Records from a collection:
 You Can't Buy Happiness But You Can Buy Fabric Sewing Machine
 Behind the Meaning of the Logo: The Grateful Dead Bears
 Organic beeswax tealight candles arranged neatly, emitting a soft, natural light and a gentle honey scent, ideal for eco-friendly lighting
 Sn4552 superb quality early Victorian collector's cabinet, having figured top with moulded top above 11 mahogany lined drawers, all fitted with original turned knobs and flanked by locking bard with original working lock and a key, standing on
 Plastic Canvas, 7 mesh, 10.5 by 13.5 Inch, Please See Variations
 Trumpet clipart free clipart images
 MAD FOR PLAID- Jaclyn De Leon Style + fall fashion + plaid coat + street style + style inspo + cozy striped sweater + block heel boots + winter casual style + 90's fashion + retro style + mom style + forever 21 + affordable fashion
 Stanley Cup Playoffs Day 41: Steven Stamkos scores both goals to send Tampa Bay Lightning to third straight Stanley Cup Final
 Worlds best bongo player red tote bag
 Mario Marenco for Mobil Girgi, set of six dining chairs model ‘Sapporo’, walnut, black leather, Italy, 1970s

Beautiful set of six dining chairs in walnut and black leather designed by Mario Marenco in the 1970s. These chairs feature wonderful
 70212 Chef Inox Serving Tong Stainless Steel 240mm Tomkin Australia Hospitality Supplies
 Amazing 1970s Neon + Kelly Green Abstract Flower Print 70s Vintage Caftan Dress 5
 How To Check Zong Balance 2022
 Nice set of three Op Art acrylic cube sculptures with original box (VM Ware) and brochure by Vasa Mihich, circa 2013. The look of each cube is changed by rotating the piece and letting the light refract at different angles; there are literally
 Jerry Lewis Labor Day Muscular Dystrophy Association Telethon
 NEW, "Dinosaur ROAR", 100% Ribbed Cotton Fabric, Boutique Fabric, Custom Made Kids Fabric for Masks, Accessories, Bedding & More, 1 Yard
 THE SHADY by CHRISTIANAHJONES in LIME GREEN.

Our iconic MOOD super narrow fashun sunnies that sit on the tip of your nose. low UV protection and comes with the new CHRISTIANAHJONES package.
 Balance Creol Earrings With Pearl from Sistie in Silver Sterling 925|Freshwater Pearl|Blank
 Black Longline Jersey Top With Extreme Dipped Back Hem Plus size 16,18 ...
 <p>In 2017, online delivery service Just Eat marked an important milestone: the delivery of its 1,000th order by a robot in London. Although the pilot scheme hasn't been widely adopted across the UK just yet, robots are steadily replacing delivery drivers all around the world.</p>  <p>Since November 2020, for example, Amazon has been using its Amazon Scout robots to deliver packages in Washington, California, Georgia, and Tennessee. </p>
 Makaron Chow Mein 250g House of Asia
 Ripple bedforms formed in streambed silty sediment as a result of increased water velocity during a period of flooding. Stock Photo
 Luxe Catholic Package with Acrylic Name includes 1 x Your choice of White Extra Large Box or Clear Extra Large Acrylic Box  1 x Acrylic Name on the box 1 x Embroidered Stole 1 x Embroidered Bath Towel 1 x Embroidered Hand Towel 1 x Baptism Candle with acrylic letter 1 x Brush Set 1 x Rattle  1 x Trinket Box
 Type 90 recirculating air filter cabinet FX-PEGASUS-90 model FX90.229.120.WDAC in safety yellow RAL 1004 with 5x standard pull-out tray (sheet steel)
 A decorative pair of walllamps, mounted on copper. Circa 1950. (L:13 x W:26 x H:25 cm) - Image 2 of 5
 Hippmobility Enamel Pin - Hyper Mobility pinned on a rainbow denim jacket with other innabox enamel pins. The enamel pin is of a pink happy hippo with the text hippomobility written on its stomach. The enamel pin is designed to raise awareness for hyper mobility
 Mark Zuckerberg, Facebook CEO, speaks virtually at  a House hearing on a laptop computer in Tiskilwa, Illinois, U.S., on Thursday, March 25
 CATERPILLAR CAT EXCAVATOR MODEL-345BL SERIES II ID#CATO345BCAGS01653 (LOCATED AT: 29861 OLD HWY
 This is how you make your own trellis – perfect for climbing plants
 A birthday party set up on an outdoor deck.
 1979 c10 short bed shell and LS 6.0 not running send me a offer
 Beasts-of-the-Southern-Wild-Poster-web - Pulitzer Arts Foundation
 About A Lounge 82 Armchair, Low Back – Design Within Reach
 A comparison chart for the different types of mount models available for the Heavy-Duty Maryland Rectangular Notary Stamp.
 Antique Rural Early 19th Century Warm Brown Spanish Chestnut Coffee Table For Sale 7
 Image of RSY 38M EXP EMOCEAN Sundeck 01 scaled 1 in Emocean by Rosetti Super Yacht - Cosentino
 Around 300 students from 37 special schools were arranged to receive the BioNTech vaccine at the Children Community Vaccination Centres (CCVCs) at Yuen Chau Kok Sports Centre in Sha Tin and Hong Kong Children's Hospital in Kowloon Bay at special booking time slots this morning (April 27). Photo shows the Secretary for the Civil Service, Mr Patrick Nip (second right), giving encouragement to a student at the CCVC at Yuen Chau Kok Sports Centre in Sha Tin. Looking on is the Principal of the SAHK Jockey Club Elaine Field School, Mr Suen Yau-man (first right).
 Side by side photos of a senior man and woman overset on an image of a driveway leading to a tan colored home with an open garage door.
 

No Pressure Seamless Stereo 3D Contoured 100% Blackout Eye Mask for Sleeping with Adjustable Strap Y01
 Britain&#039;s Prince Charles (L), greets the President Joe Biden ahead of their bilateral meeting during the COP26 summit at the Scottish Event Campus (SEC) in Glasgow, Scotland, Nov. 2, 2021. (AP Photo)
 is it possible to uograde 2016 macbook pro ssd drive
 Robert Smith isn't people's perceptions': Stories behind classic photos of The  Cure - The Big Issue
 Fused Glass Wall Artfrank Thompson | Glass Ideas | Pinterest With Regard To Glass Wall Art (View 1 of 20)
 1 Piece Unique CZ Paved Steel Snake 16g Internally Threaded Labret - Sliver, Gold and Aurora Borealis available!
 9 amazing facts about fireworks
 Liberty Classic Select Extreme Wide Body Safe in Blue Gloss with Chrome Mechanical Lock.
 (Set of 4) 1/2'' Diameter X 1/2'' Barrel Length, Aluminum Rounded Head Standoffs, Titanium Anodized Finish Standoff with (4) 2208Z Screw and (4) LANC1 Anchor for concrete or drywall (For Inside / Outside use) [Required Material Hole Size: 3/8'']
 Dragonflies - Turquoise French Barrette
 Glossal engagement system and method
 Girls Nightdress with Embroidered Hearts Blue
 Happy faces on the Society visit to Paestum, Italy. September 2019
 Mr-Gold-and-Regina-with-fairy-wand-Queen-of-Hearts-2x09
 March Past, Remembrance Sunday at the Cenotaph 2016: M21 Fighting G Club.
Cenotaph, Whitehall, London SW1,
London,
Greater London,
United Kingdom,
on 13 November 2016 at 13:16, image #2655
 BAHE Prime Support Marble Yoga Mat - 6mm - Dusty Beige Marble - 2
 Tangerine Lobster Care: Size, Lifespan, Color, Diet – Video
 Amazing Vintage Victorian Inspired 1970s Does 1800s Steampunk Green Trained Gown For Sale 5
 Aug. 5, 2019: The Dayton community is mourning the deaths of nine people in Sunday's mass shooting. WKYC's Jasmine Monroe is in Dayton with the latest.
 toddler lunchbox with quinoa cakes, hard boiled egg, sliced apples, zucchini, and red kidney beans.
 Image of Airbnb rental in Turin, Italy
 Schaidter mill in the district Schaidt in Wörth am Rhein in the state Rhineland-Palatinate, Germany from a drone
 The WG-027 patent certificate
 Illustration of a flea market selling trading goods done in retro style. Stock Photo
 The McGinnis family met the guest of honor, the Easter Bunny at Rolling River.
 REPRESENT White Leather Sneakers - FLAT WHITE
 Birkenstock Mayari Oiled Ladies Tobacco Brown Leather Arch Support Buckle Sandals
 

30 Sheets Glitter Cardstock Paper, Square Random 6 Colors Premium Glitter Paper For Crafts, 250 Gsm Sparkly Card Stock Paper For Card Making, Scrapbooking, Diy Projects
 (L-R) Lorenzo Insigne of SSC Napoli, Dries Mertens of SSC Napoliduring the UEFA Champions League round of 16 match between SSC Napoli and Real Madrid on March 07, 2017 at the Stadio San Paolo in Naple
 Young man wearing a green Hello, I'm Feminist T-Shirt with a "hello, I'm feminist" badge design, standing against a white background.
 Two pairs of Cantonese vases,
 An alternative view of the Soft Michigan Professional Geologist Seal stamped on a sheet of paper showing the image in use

Exercise:
Every line that holds the string "available" must be copied from the records above.

Expected answer:
 A comparison chart for the different types of mount models available for the Heavy-Duty Maryland Rectangular Notary Stamp.
 1 Piece Unique CZ Paved Steel Snake 16g Internally Threaded Labret - Sliver, Gold and Aurora Borealis available!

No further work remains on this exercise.